Abstract
During the dry months of the water year in Mediterranean climates, groundwater influx is essential to perennial streams for sustaining ecosystem health and regulating water temperature. Predicted earlier peak flow due to climate change may result in decreased baseflow and the transformation of perennial streams to intermittent streams. In this study, naturally occurring radon-222 (222Rn) was used as a tracer of groundwater influx to Martis Creek, a subalpine stream near Lake Tahoe, CA. Groundwater 222Rn is estimated based on measurements of 222Rn activity in nearby deep wells and springs. To determine the degassing constant (needed for quantification of water and gas flux), an extrinsic tracer, xenon (Xe), was introduced to the stream and monitored at eight downstream locations. The degassing constant for 222Rn is based on the degassing constant for Xe, and was determined to be 1.9–9.0 m/day. Applying a simple model in which stream 222Rn activity is a balance between the main 222Rn source (groundwater) and sink (volatilization), the influx in reaches of the upstream portion of Martis Creek was calculated to be <1 to 15 m3/day/m, which cumulatively constitutes a significant portion of the stream discharge. Experiments constraining 222Rn emanation from hyporheic zone sediments suggest that this should be considered a maximum rate of influx. Groundwater influx is typically difficult to identify and quantify, and the method employed here is useful for identifying locations for focused stream flow measurements, for formulating a water budget, and for quantifying streamwater–groundwater interaction.
Highlights
Headwater basins are recognized as being critically important for generating runoff that is captured in reservoirs and used for irrigation and municipal water supplies
Snowpack in the Sierra Nevada of California allows for slow melting and gradual groundwater recharge in basins; as more precipitation occurs as rain, more limited opportunity for groundwater recharge is likely to cause increased run-off as overland flow [1,2,3,4,5]

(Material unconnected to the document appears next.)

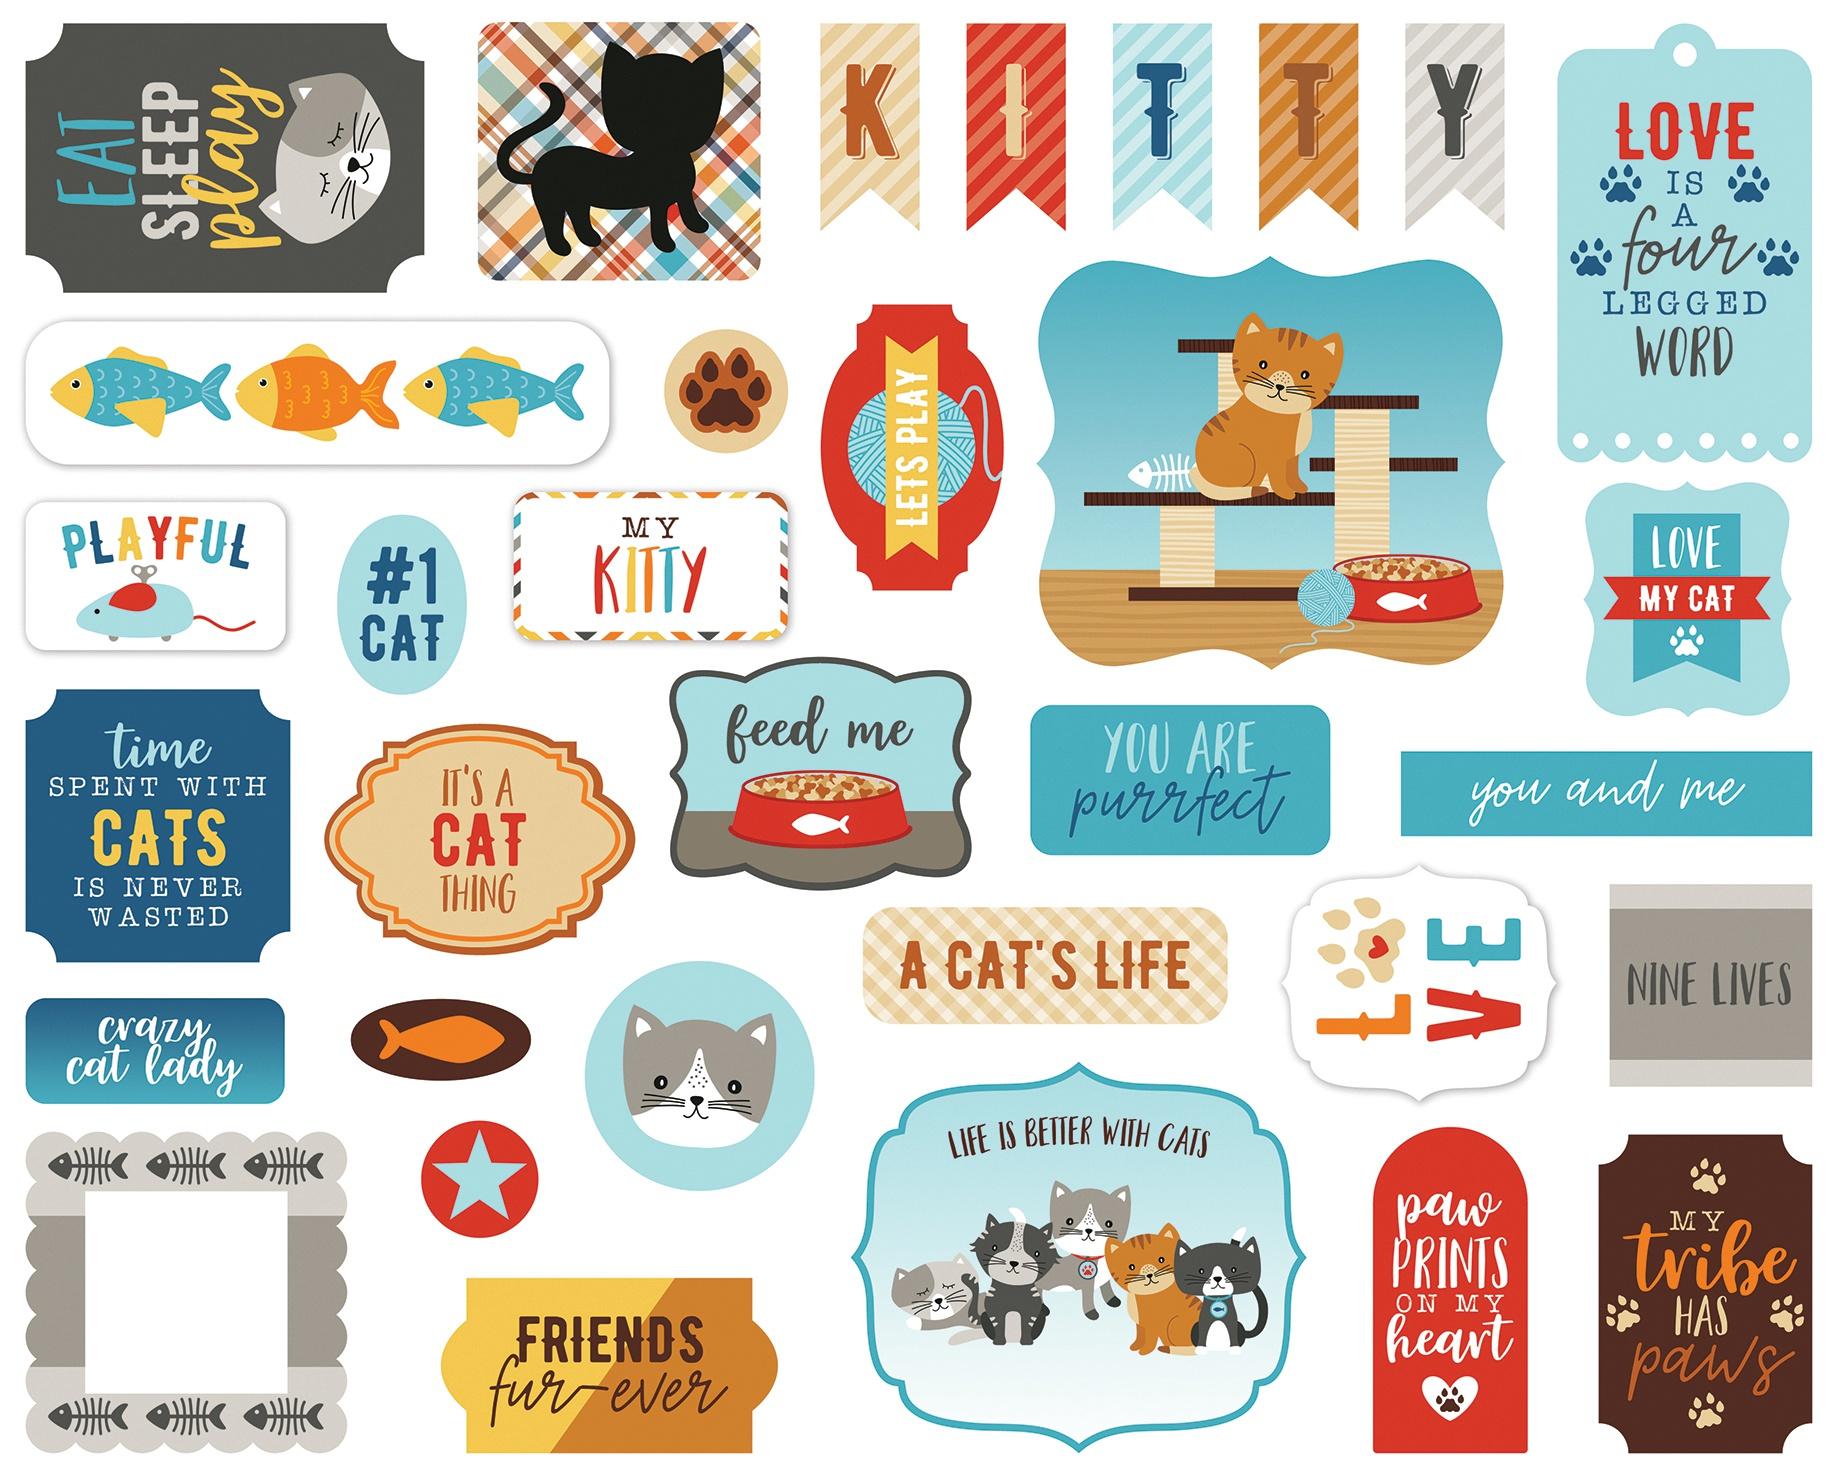 Echo Park Cardstock Ephemera 33/Pkg-Icons, I Love My Cat
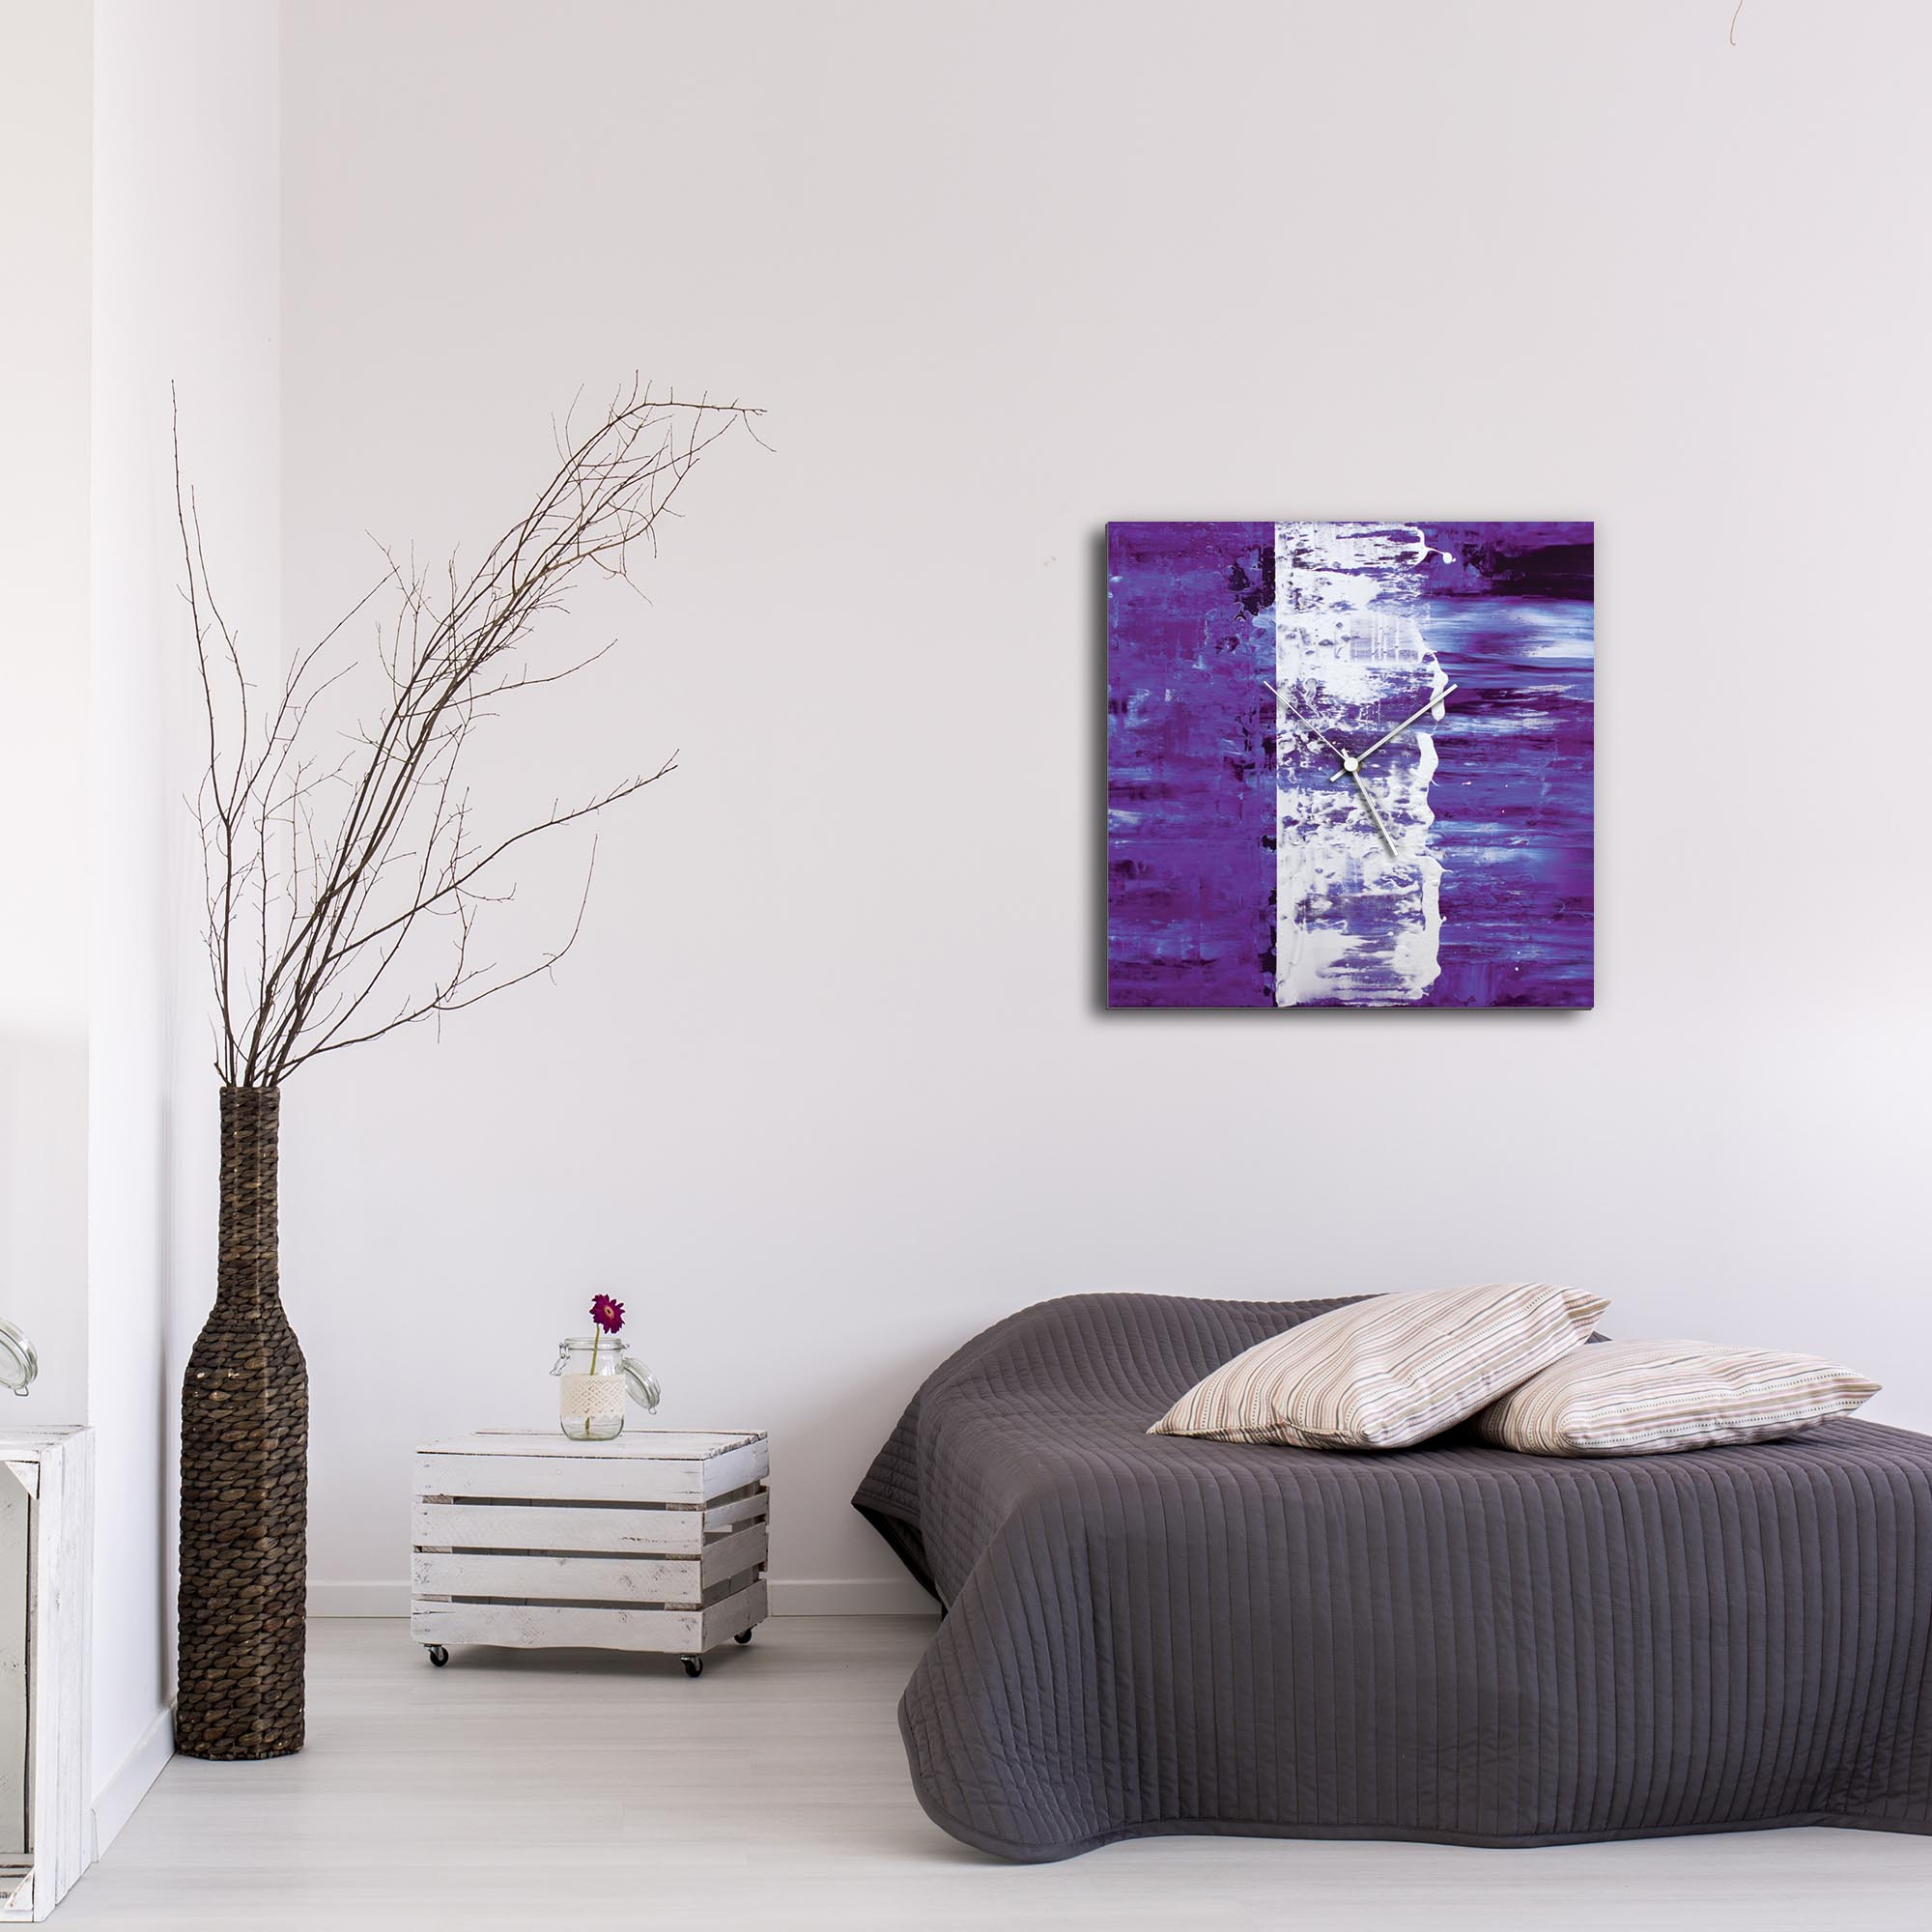 Purple Street Square Clock Large by Mendo Vasilevski - Urban Abstract Home Decor - Lifestyle View

We identified reaches of Martis Creek with groundwater discharge by measuring the concentration of naturally occurring 222 Rn and introduced xenon (Xe)
Summary
Headwater basins are recognized as being critically important for generating runoff that is captured in reservoirs and used for irrigation and municipal water supplies. Precipitation in subalpine regions will occur more frequently as rain rather than snow, which could have drastic impacts on stream flow and on groundwater recharge. Snowpack in the Sierra Nevada of California allows for slow melting and gradual groundwater recharge in basins; as more precipitation occurs as rain, more limited opportunity for groundwater recharge is likely to cause increased run-off as overland flow [1,2,3,4,5]. Groundwater is essential to the area as it provides baseflow to Martis Creek during the dry summer months, which is critically important for maintaining stream ecosystem health. Discharge that ends earlier in the summer or fall as a result of climate change or of groundwater pumping that continues into the summer and fall will put stress on the baseflow of the stream. Groundwater discharge to the stream moderates stream temperature, especially in the late summer and fall, which is essential to the viability of the fish population in the stream [6,7,8,9,10]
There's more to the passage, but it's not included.